*** Opening of Data section ***

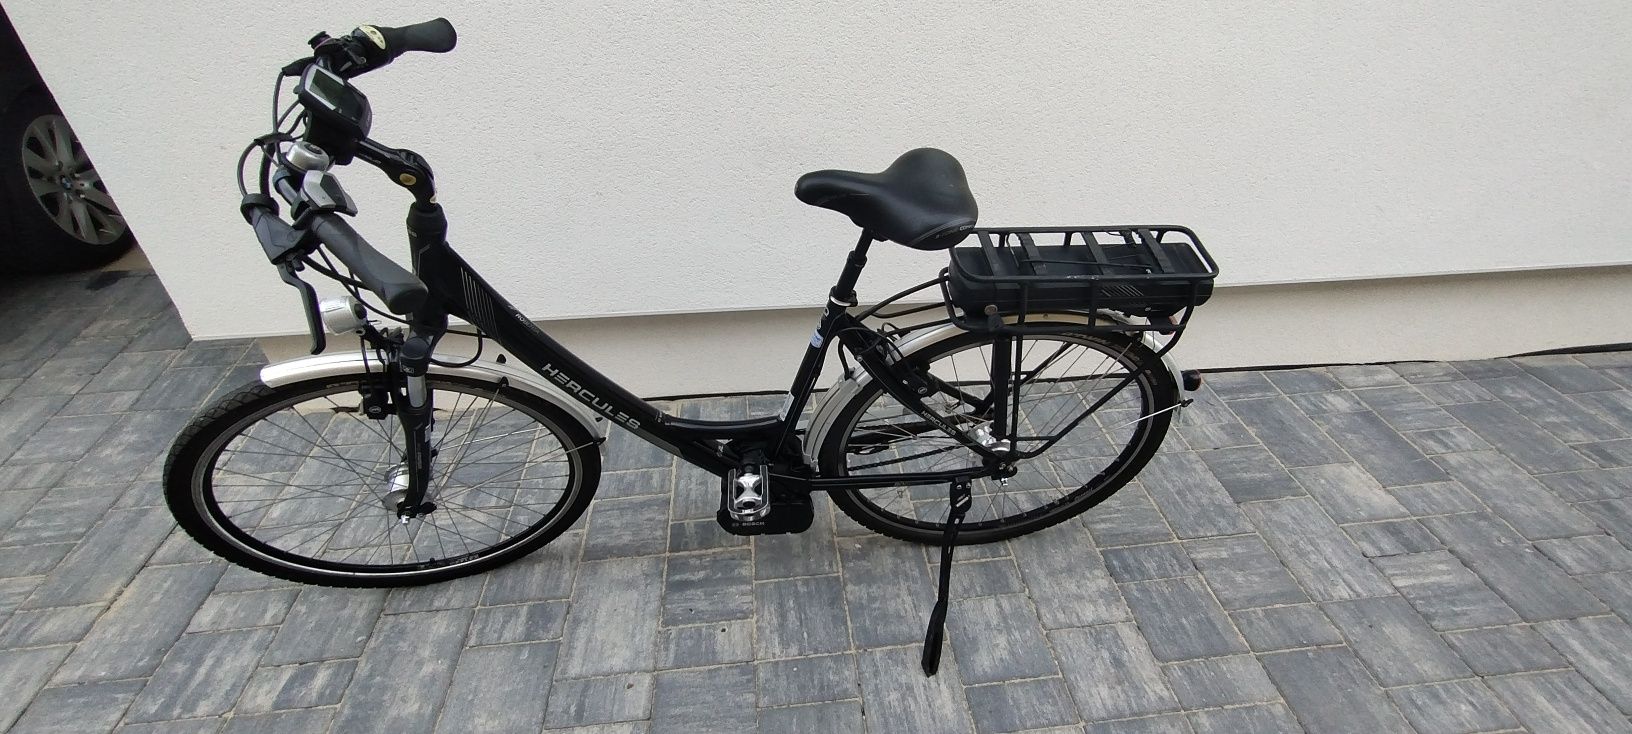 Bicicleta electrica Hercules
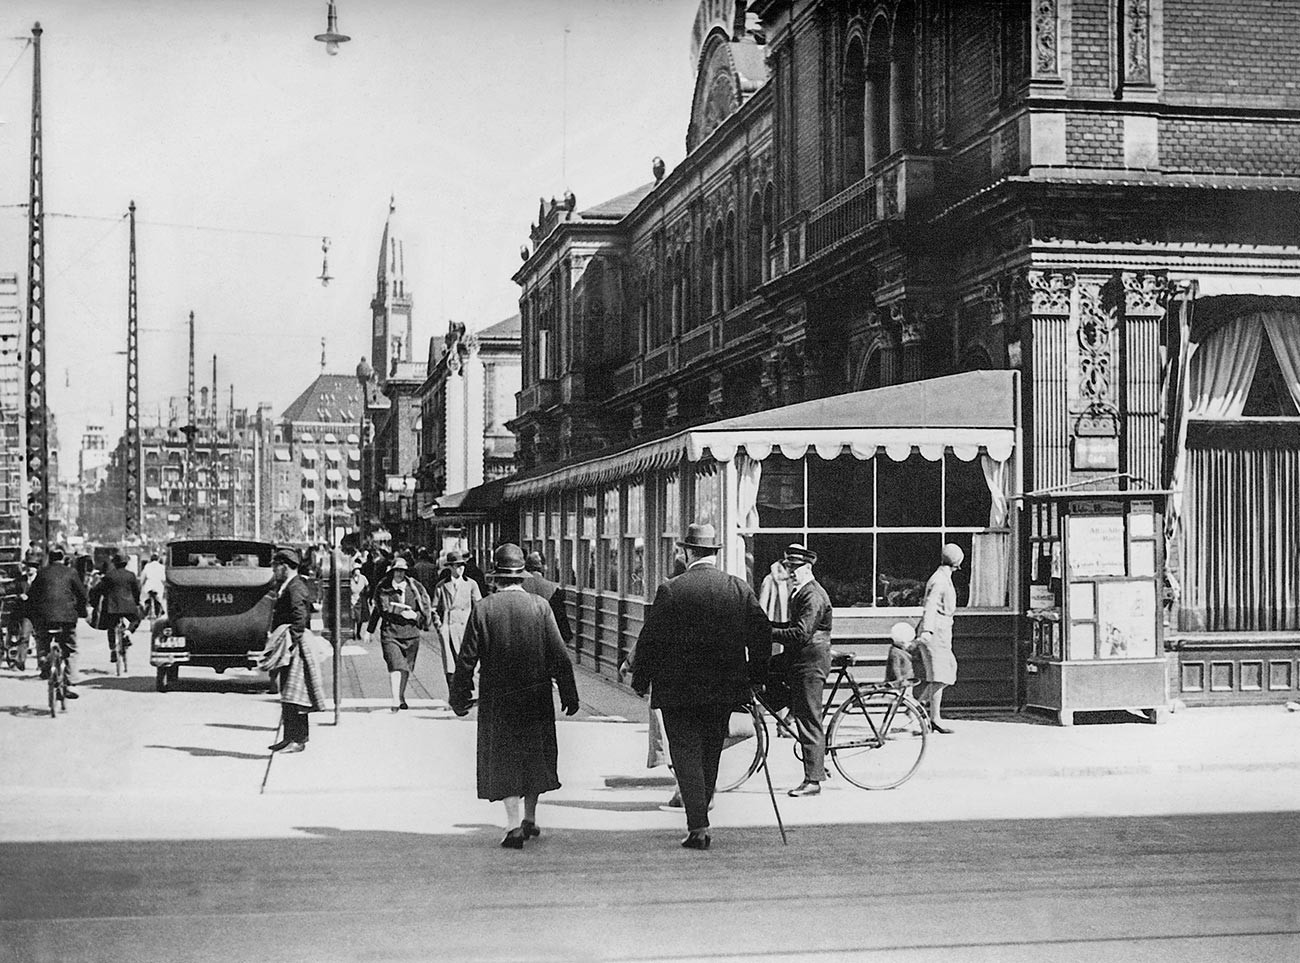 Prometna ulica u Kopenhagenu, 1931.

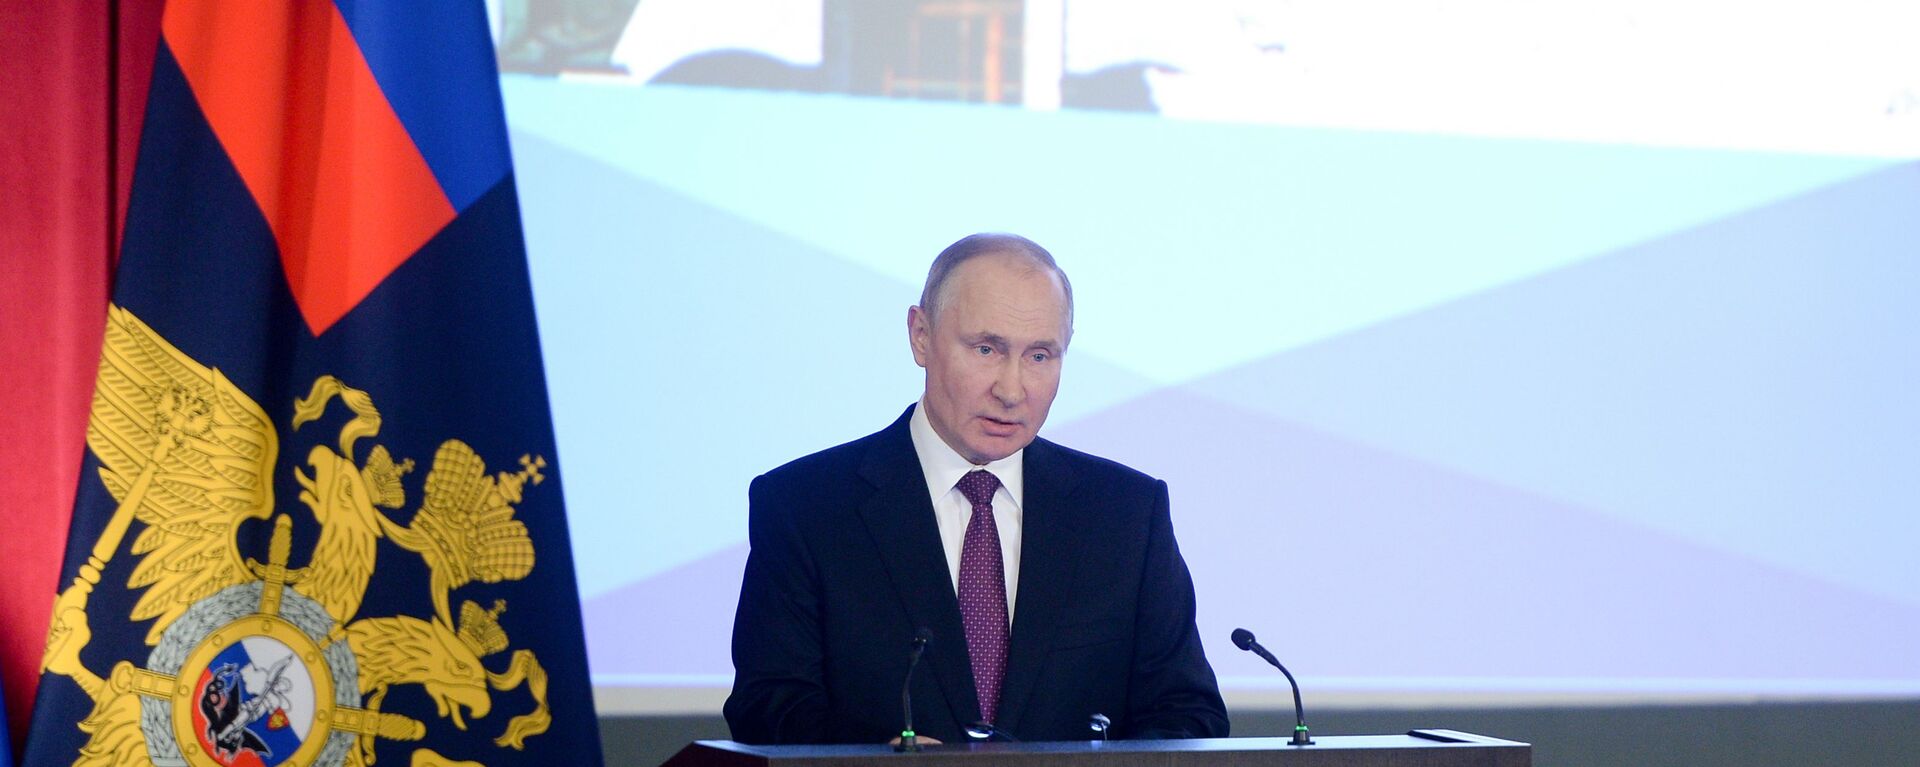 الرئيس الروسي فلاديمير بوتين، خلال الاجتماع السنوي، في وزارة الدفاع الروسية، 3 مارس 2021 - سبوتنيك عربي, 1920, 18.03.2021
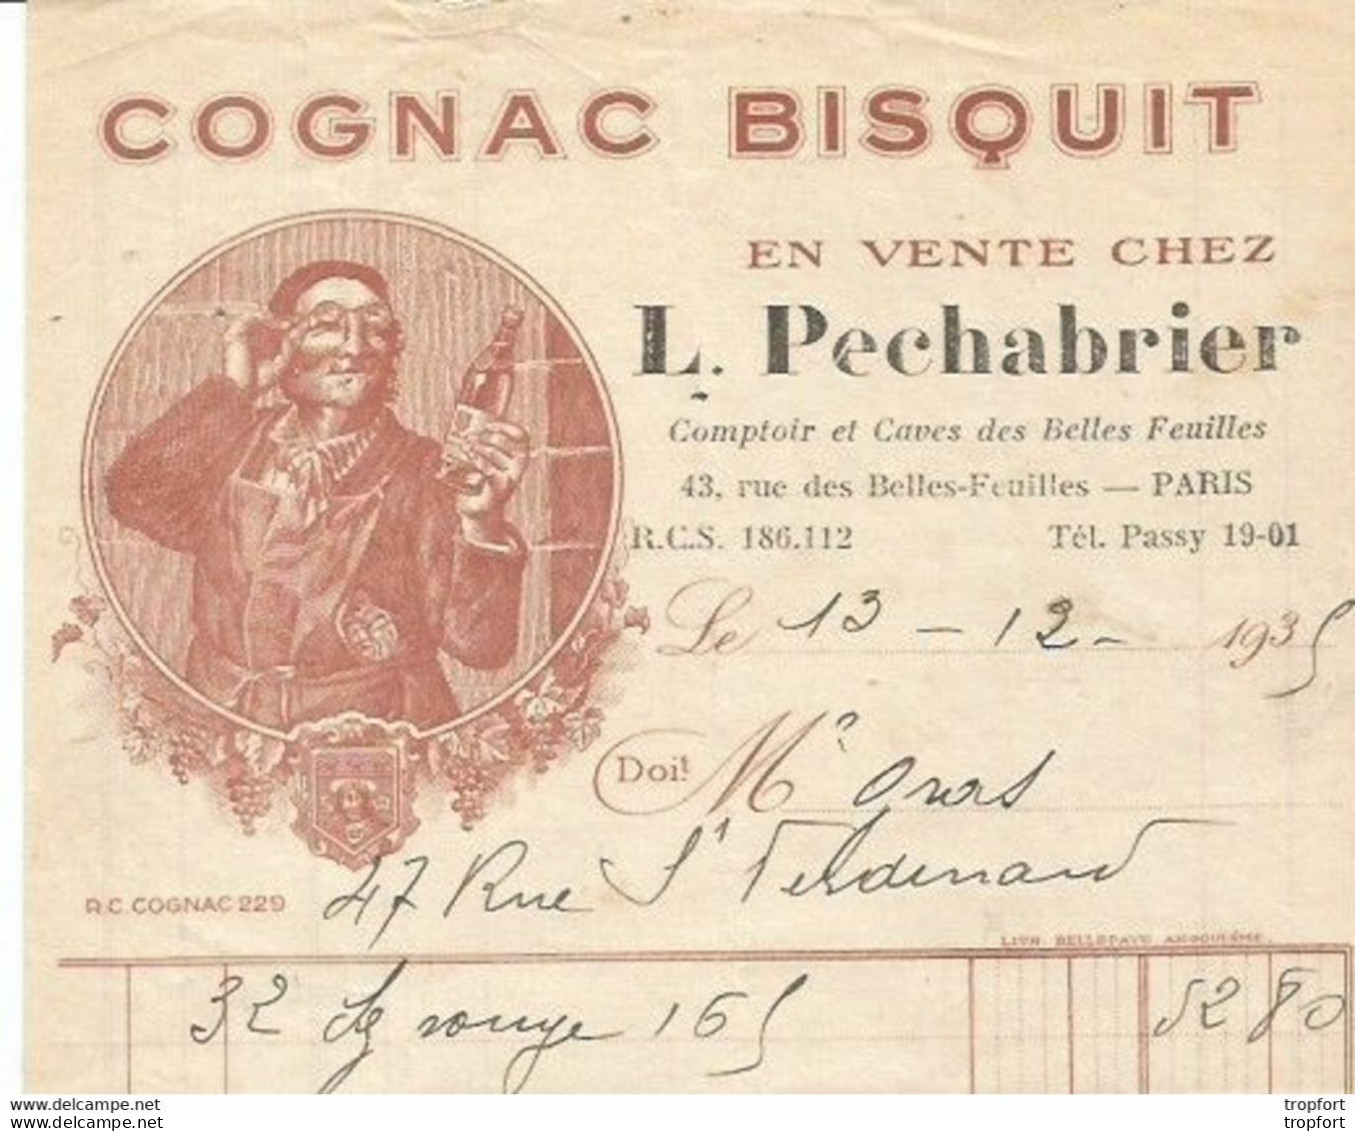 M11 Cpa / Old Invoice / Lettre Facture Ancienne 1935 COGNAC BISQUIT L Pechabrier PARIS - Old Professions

*** Close of Data section ***

## Required work
Would you return the data above exactly as written, minus the images?

## Response to this task
 Bicicleta electrica Hercules
 Prometna ulica u Kopenhagenu, 1931.

 الرئيس الروسي فلاديمير بوتين، خلال الاجتماع السنوي، في وزارة الدفاع الروسية، 3 مارس 2021 - سبوتنيك عربي, 1920, 18.03.2021
 M11 Cpa / Old Invoice / Lettre Facture Ancienne 1935 COGNAC BISQUIT L Pechabrier PARIS - Old Professions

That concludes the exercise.